P.S.: Be careful if you start throwing exceptions across dll boundaries. This will work quiet well if you fulfill some design creterions on windows OS but will fail on some others.
If the C API exists and is mature, bypassing the CRT internally by using pure Win32 API stuff gets you half the way. The other half is making sure the DLL's user uses the corresponding Win32 API functions. This will make your API less portable, in both use and documentation. Also, even if you go this way with memory allocation, where both the CRT functions and the Win32 ones deal with void*, you're still in trouble with the file stuff - Win32 API uses handles, and knows nothing about the FILE structure.
I'm not quite sure what are the limitations of the FILE*, but I assume the problem is the same as with CRT allocations across modules. MSVCRT uses Win32 internally to handle the file operations, and the underlying file handle can be used from every module within the same process. What might not work is closing a file that was opened by another module, which involves freeing the FILE structure on a possibly different CRT.

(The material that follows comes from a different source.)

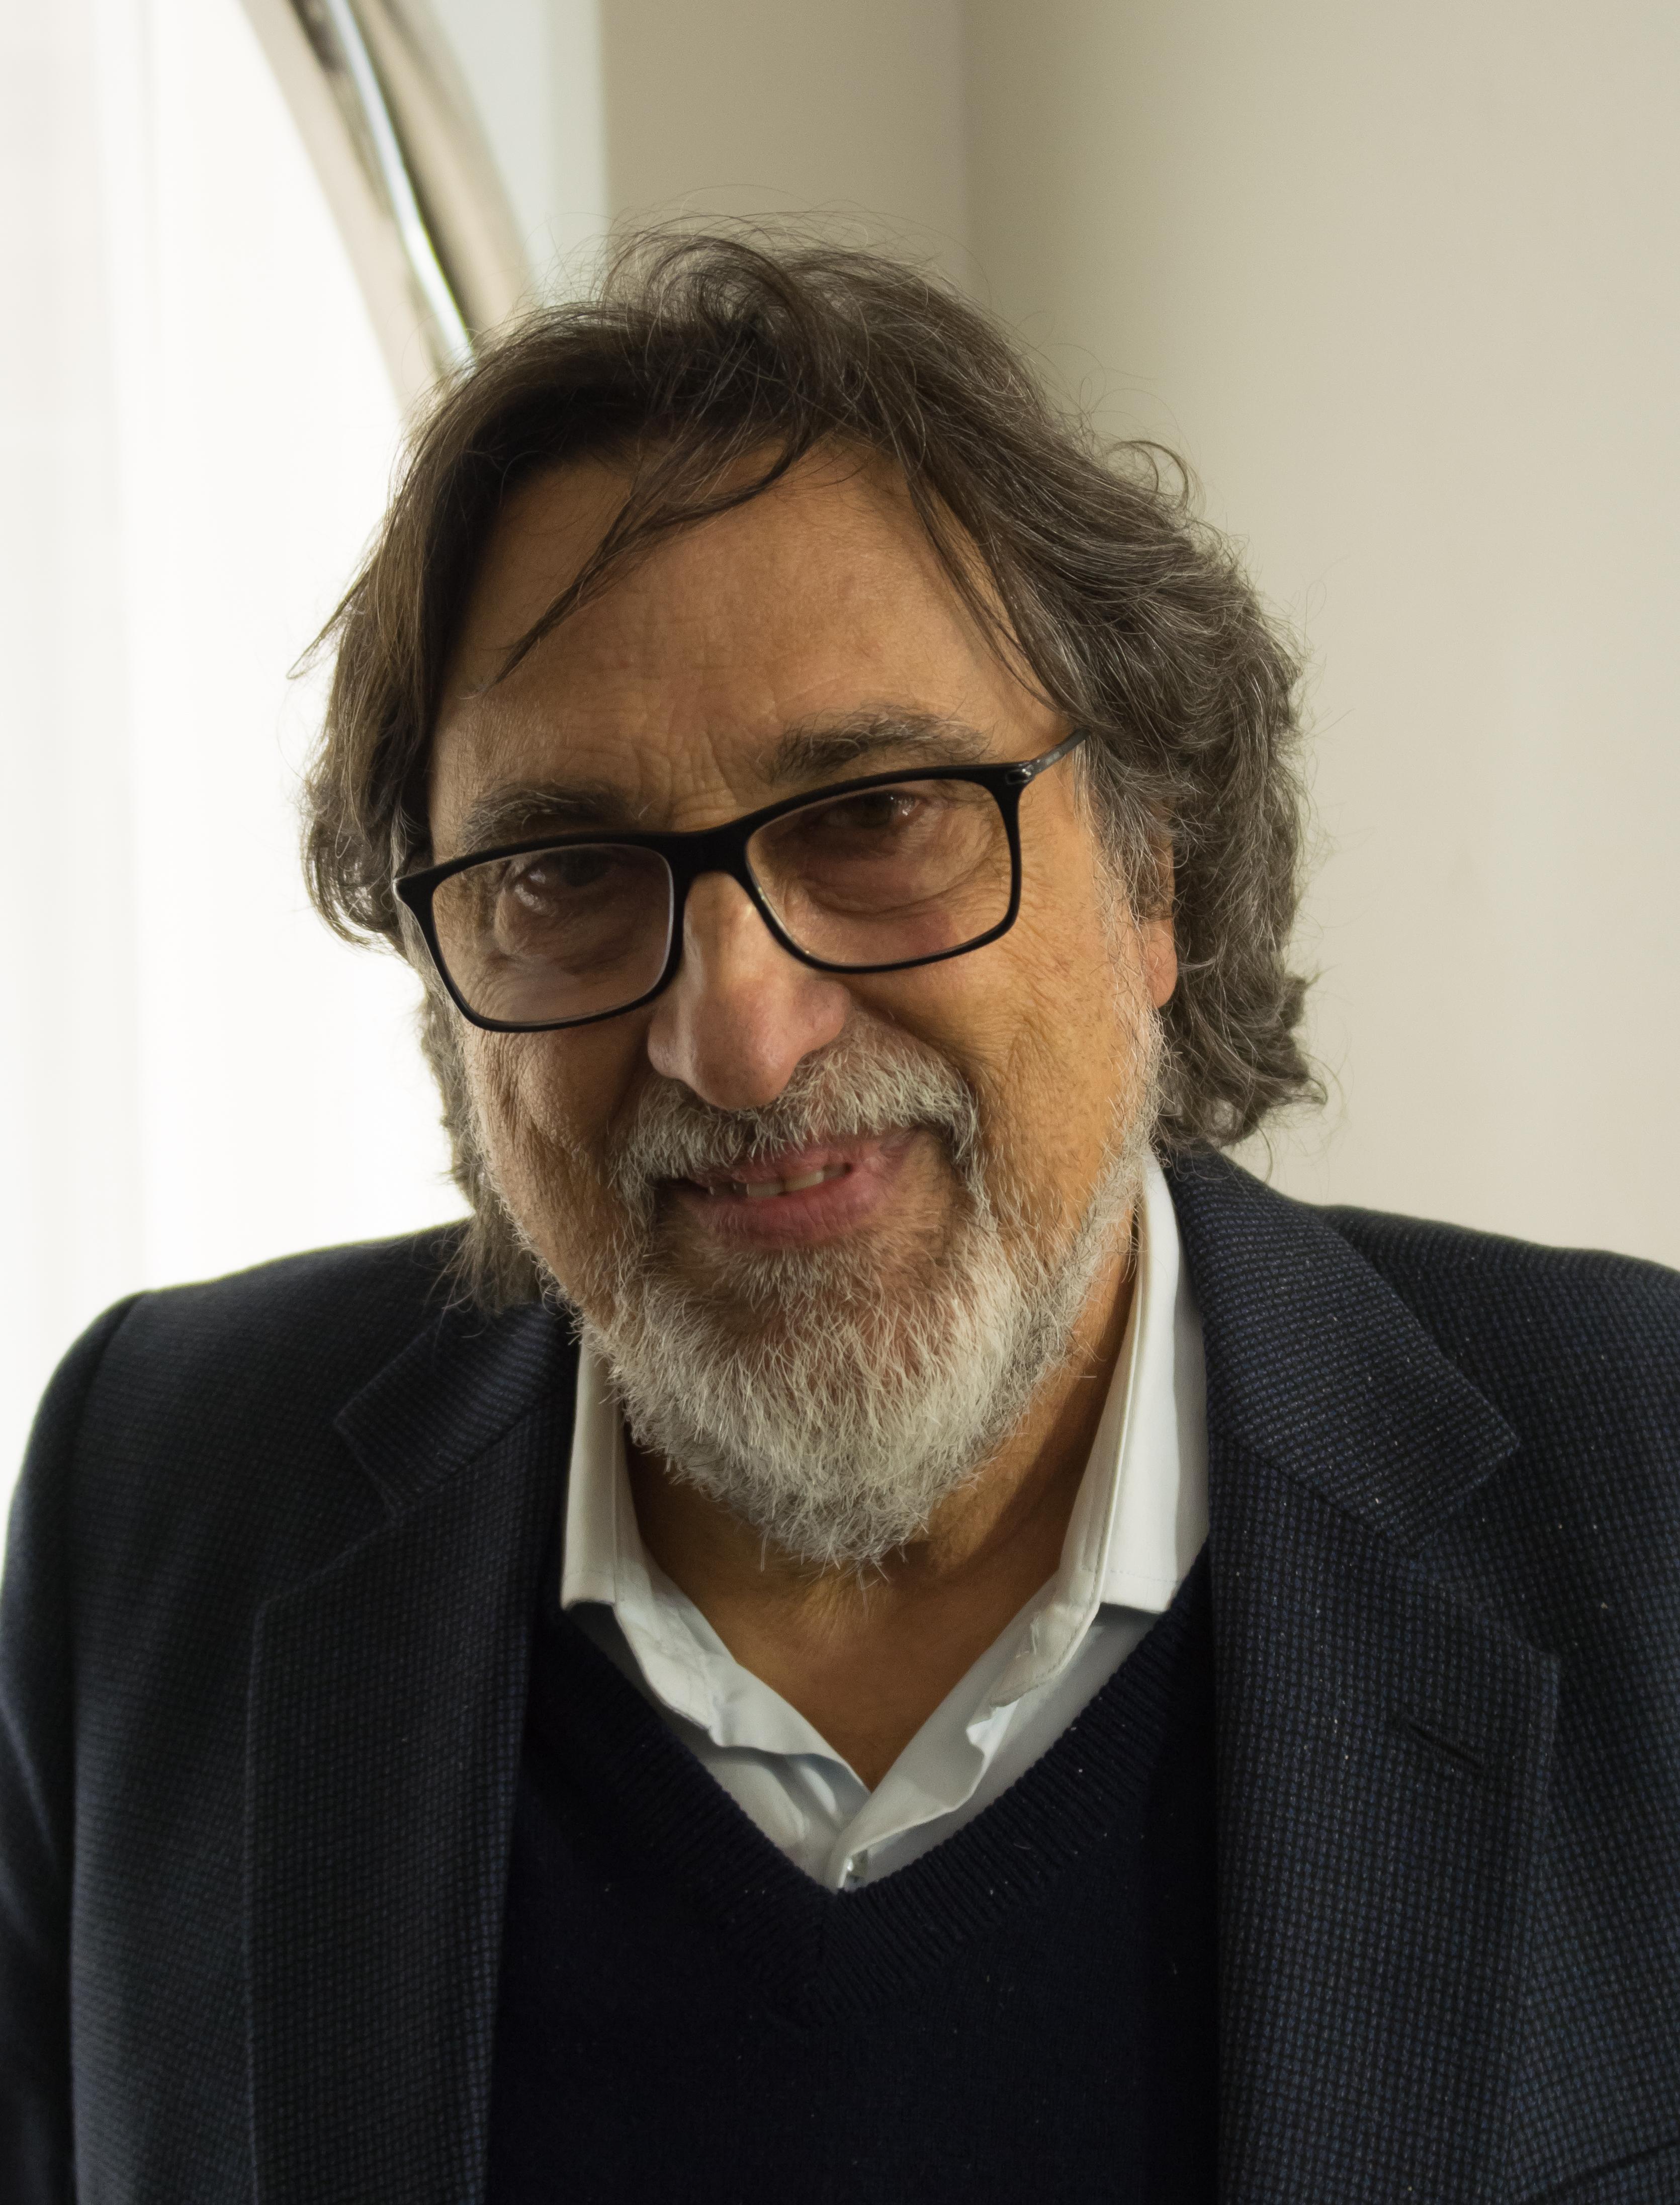 Image of Silvio Caiozzi from Wikidata

What I would do, if changing the API is still an option, is export cleanup functions for any possible "object" created within the DLL. These cleanup functions will handle the disposal of the given object in the way that corresponds to the way it was created within that DLL. This will also make the DLL absolutely portable in terms of usage. The only worry you'll have then is making sure the DLL's user does indeed use your cleanup functions rather than the regular CRT ones. This can be done using several tricks, which deserve another question...